RUSSIAN President Vladimir Putin laid flowers yesterday at a monument in the Leningrad Region commemorating warriors who died during the Nazi-led siege of Leningrad. The ceremony was also attended by Russian Presidential Envoy to the North-Western Federal District Alexander Gutsan and Leningrad Region Governor Alexander Drozdenko.

The monument ‘Boundary Stone’ was built in memory of soldiers who fought during the blockade at Nevsky Pyatachok, some 50km east south-east of Leningrad. Combat actions there were carried out in order to break through the blockade.

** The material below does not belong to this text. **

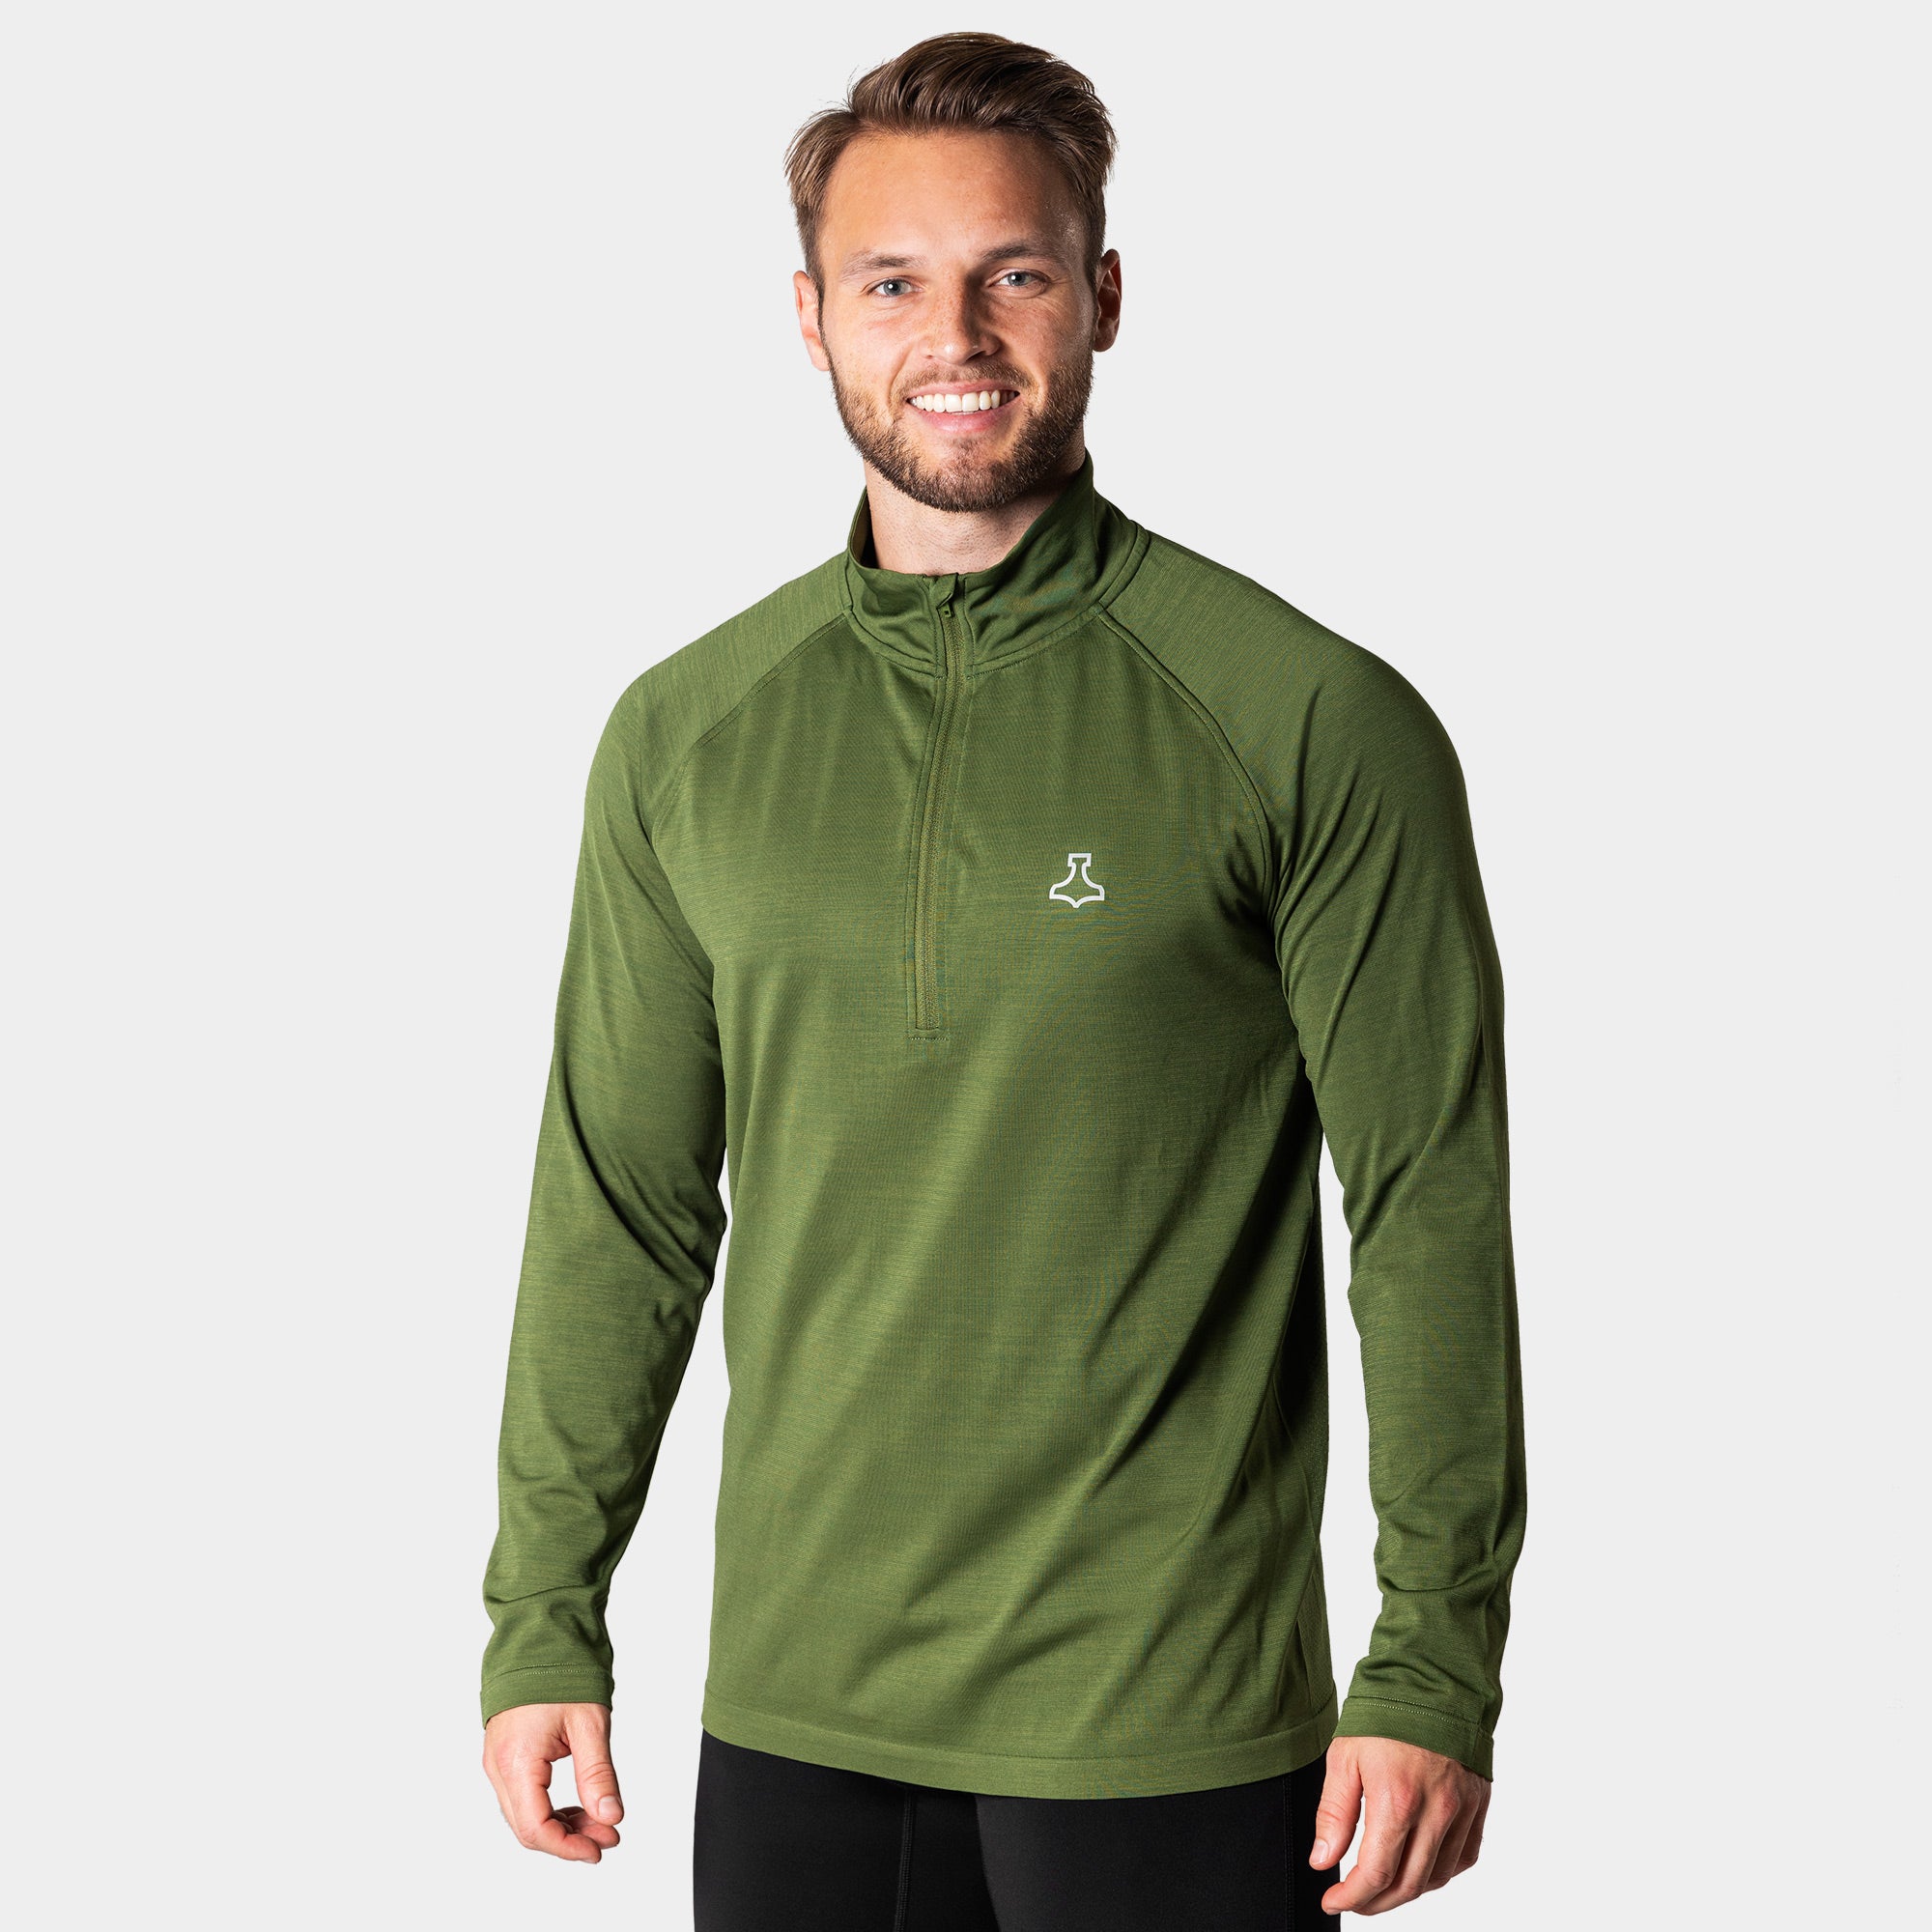 Se liiteGuard Zip-trøje | Grøn | Str. L | Mænd hos liiteGuard

Some 50,000 Red Army soldiers and officers were killed in the operation, while Germany’s losses were estimated at 10,000.

According to Kremlin Spokesman Dmitry Peskov, the anniversary is ‘a very important date for the entire country, for all Russians and personally for President Putin’. The Russian leader earlier recalled that his father Vladimir Spiridonovich Putin went immediately to the front after the war broke out where he fought and was heavily wounded at Nevsky Pyatachok, near blockaded Leningrad.

The siege of Leningrad started on September 8, 1941 and lasted 872 days. It was broken on January 18th, 1943, in the course of the Iskra strategic military operation during the Soviet Union’s Great Patriotic War against Nazi Germany and was completely lifted on January 27th, 1944. Leningrad is the only large city in the world’s history that withstood almost a 900-day encirclement.